> [Exercise directions]: Keep every word the same. Repeat the records without their images.
================
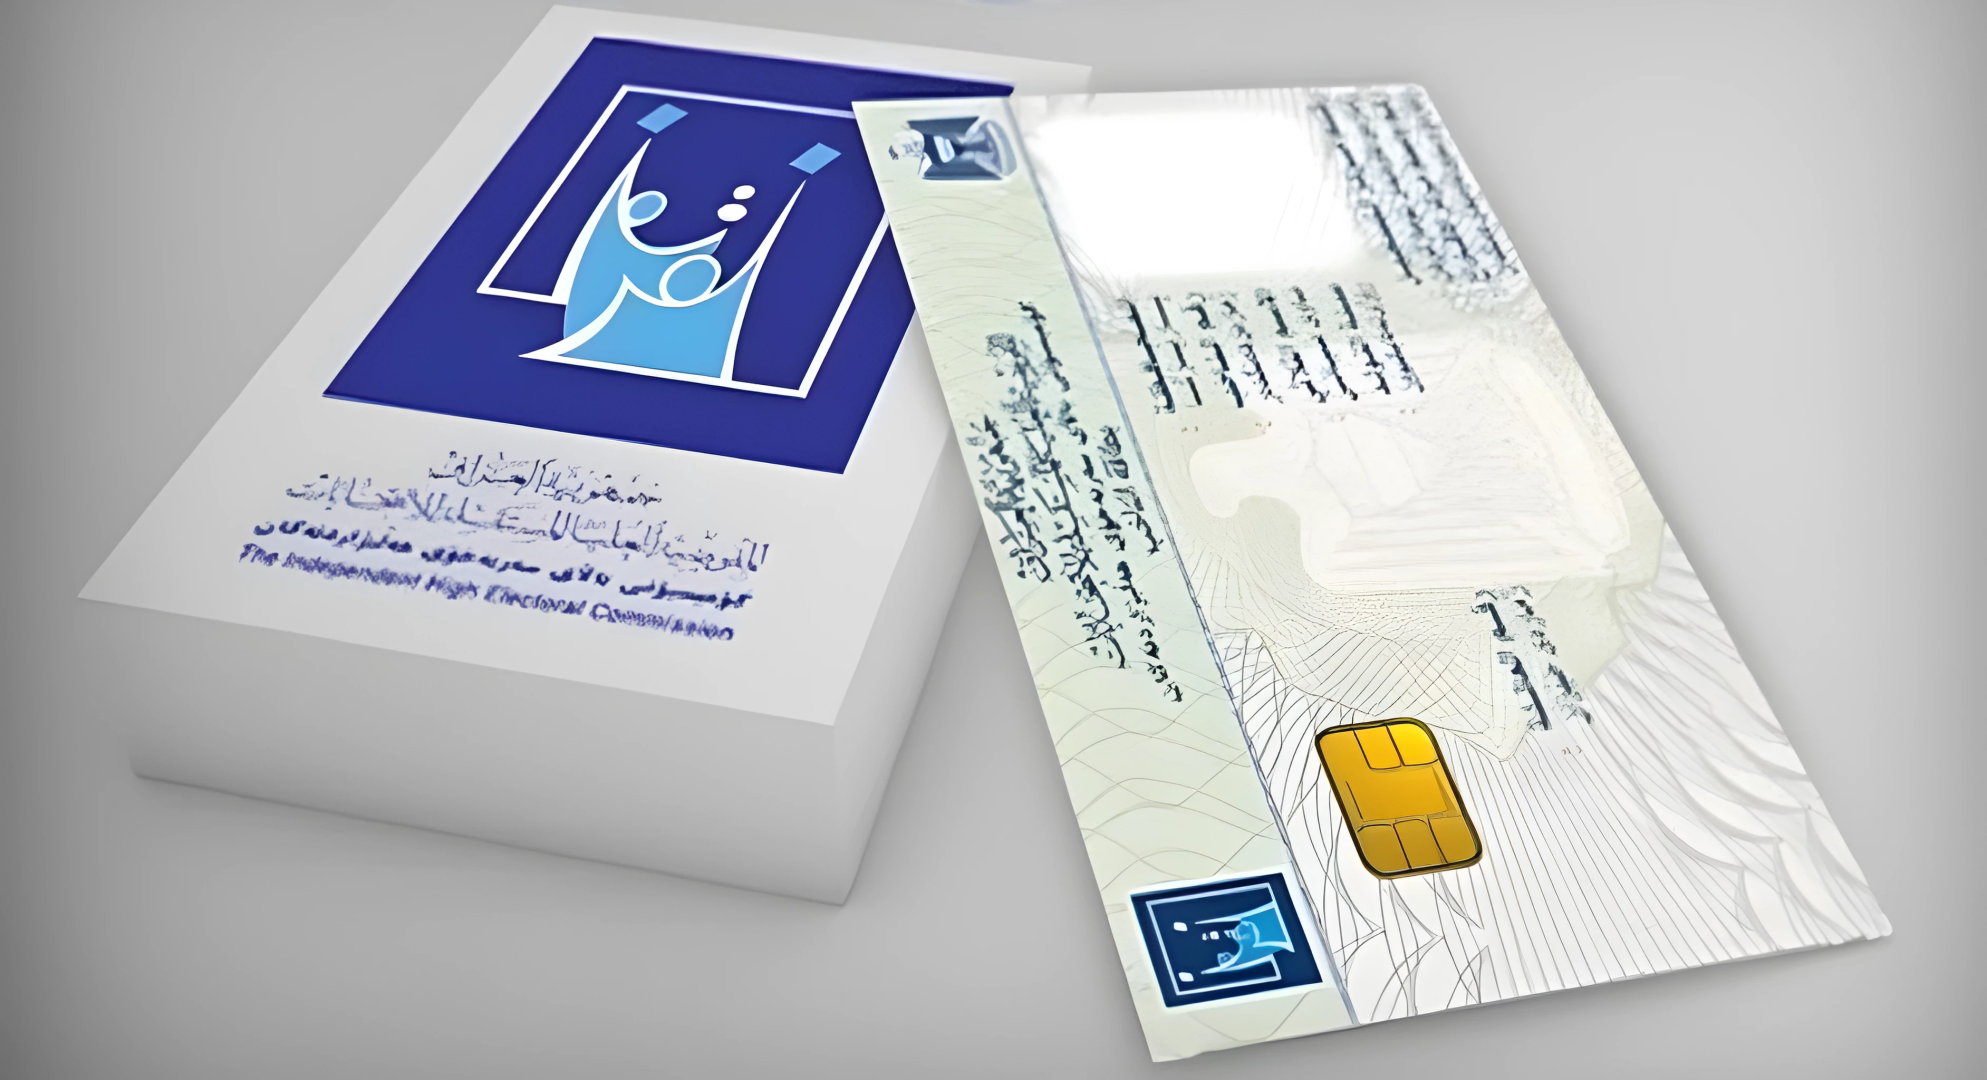 السليمانية في المركز الأول بتوزيع البطاقات البيومترية على مستوى العراق
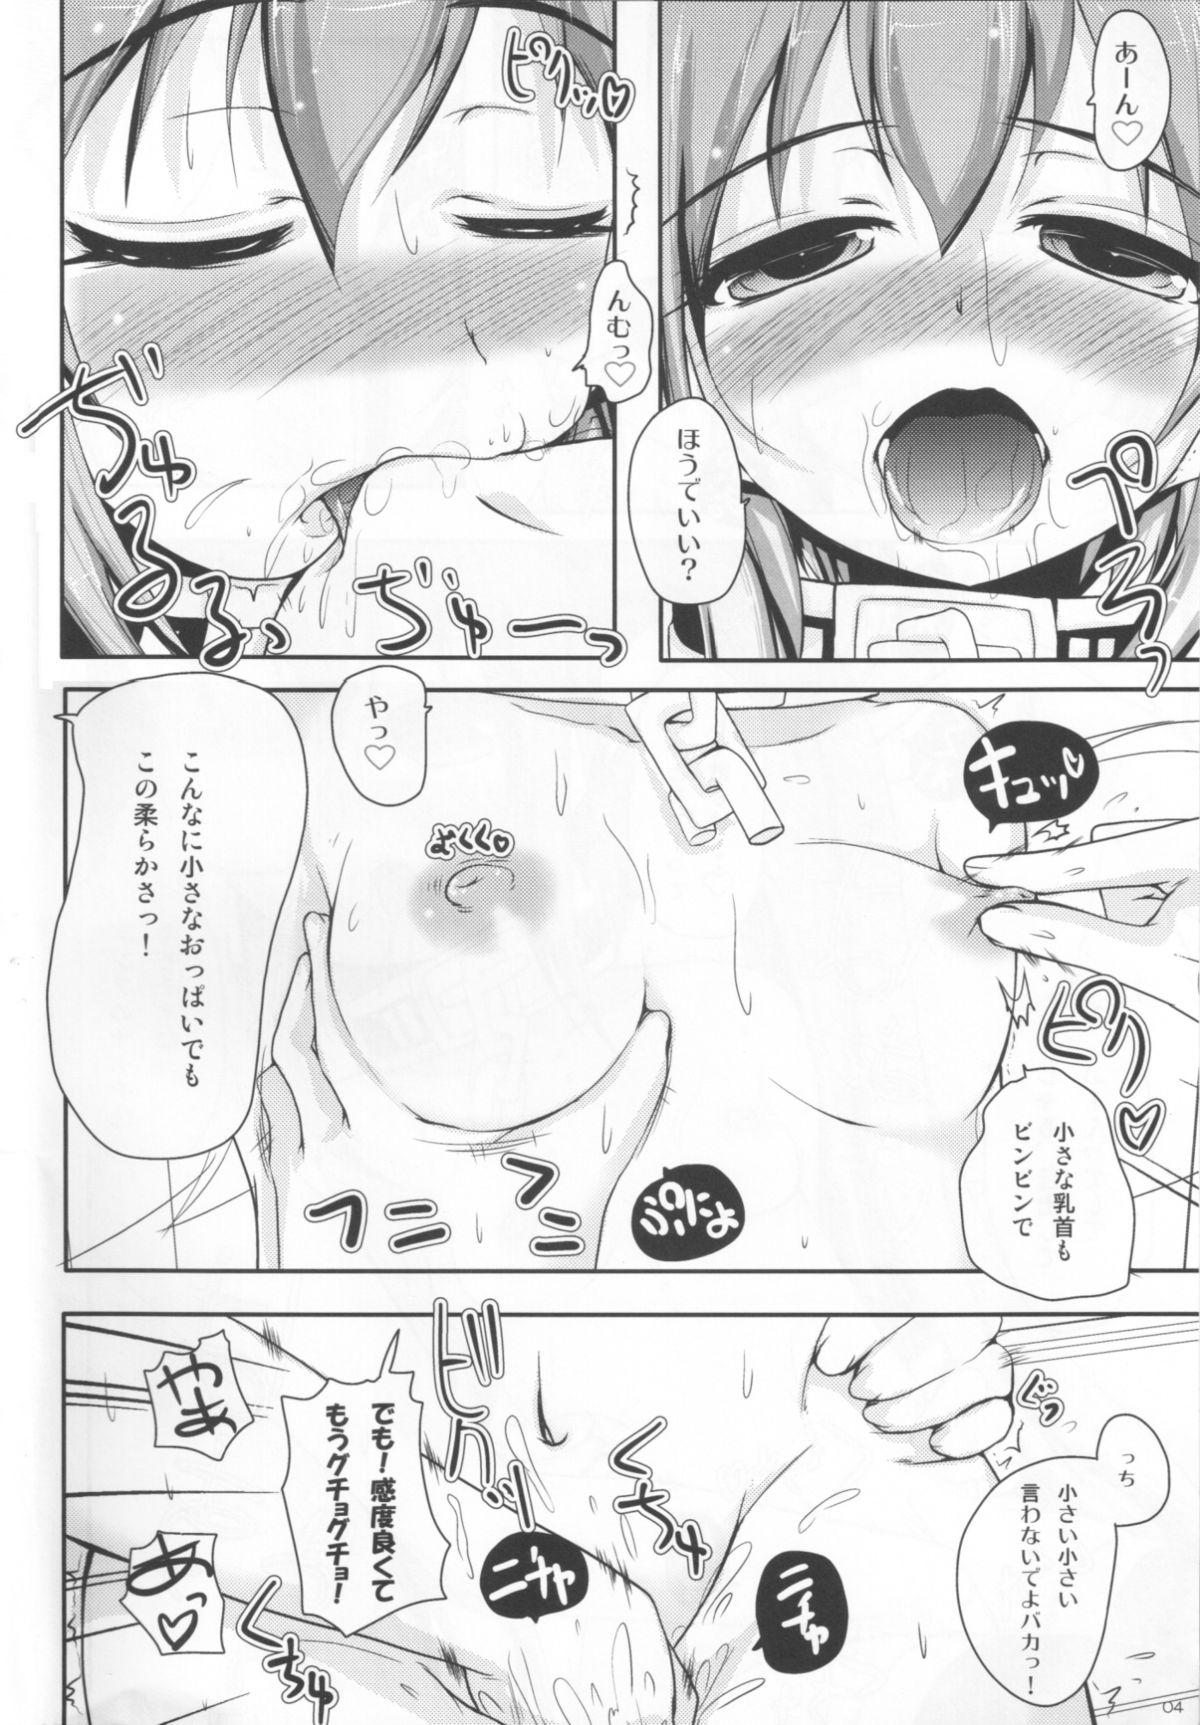 Bisexual Nymph to chuchu!3 - Sora no otoshimono Titten - Page 5
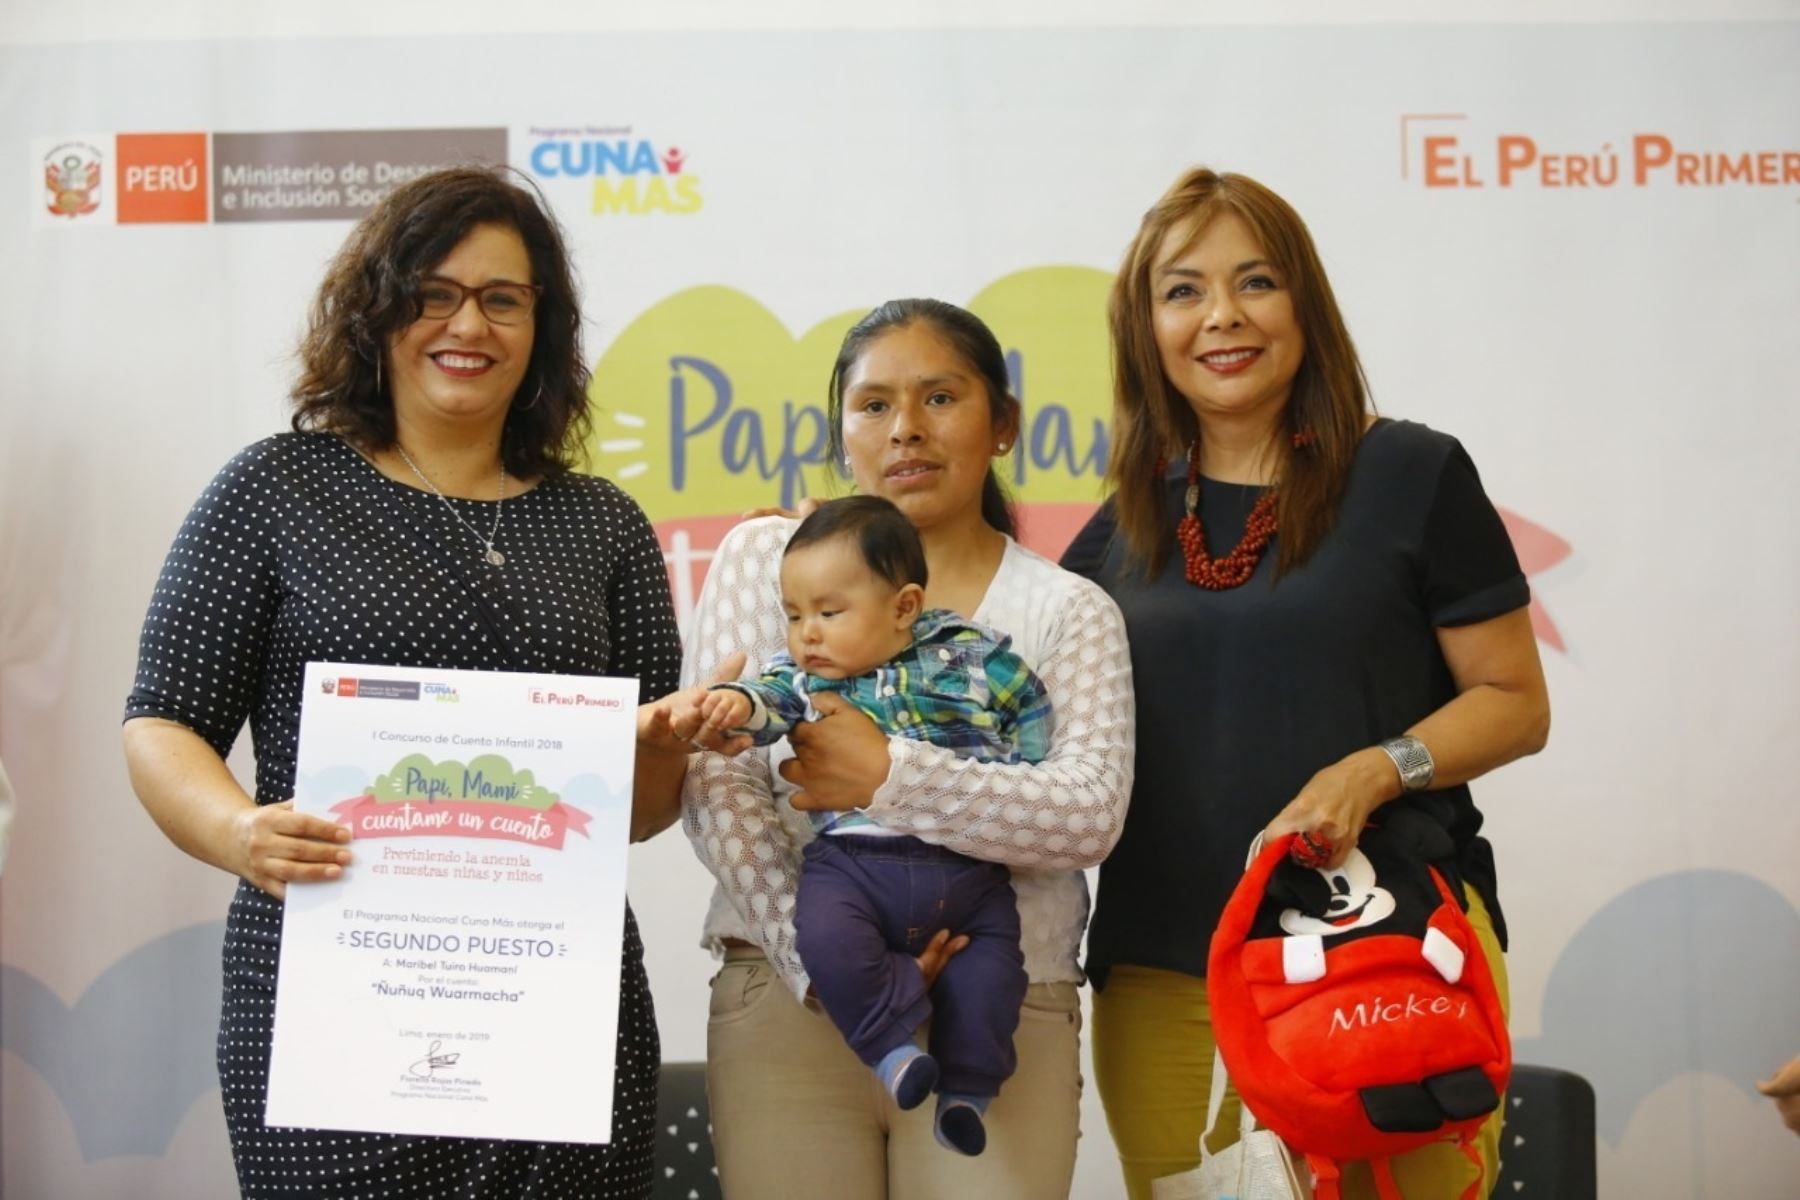 Primera Dama, Maribel Díaz Cabello, participa en premiación del concurso “Papi, Mami, cuéntame un cuento”, organizado por Cuna Más.
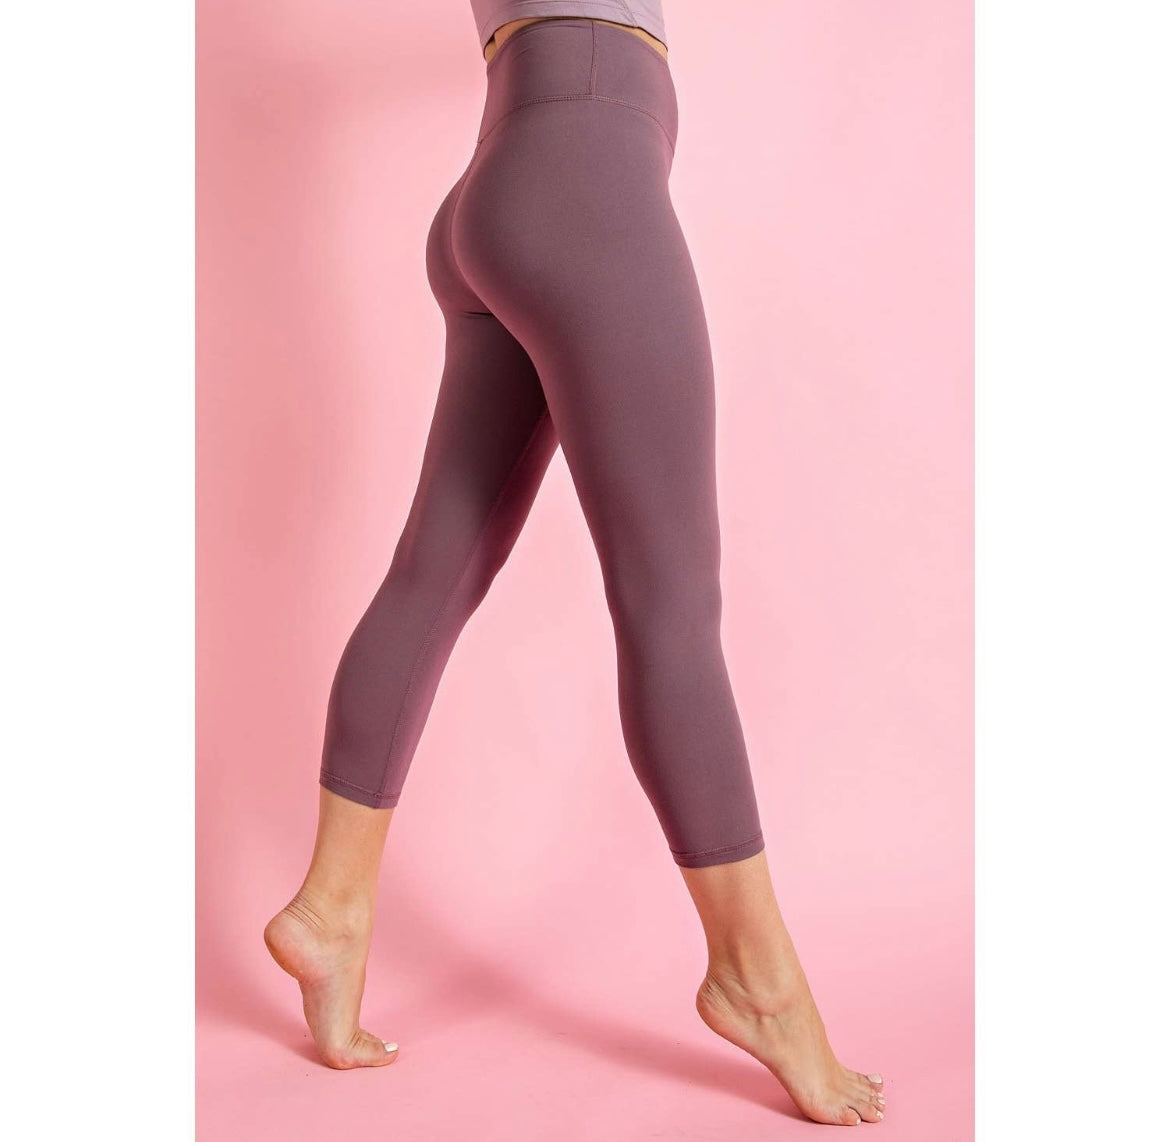 Capri Yoga Leggings - Butter Soft - Multiple Colors!
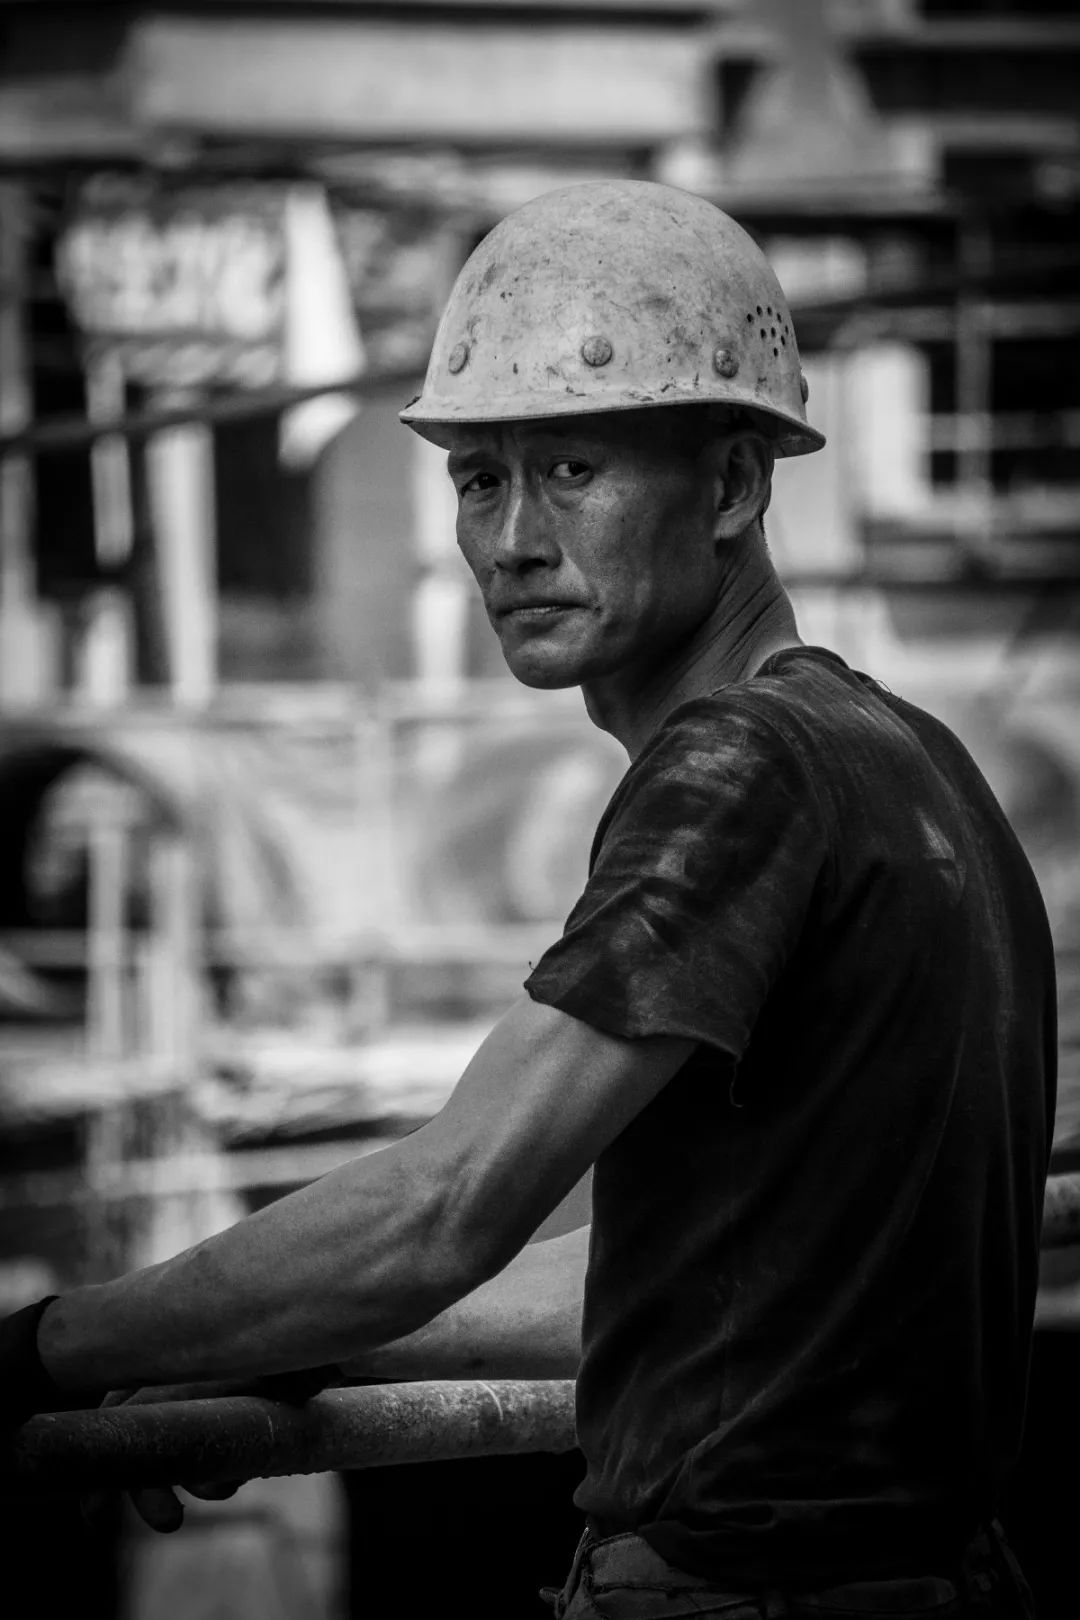 广安某工地施工工人,摄影作品《劳动者素描》徐小雨 摄.
================
> [Result for this exercise]:
 السليمانية في المركز الأول بتوزيع البطاقات البيومترية على مستوى العراق
 Bisexual Nymph to chuchu!3 - Sora no otoshimono Titten - Page 5
 Primera Dama, Maribel Díaz Cabello, participa en premiación del concurso “Papi, Mami, cuéntame un cuento”, organizado por Cuna Más.
 Capri Yoga Leggings - Butter Soft - Multiple Colors!
 广安某工地施工工人,摄影作品《劳动者素描》徐小雨 摄.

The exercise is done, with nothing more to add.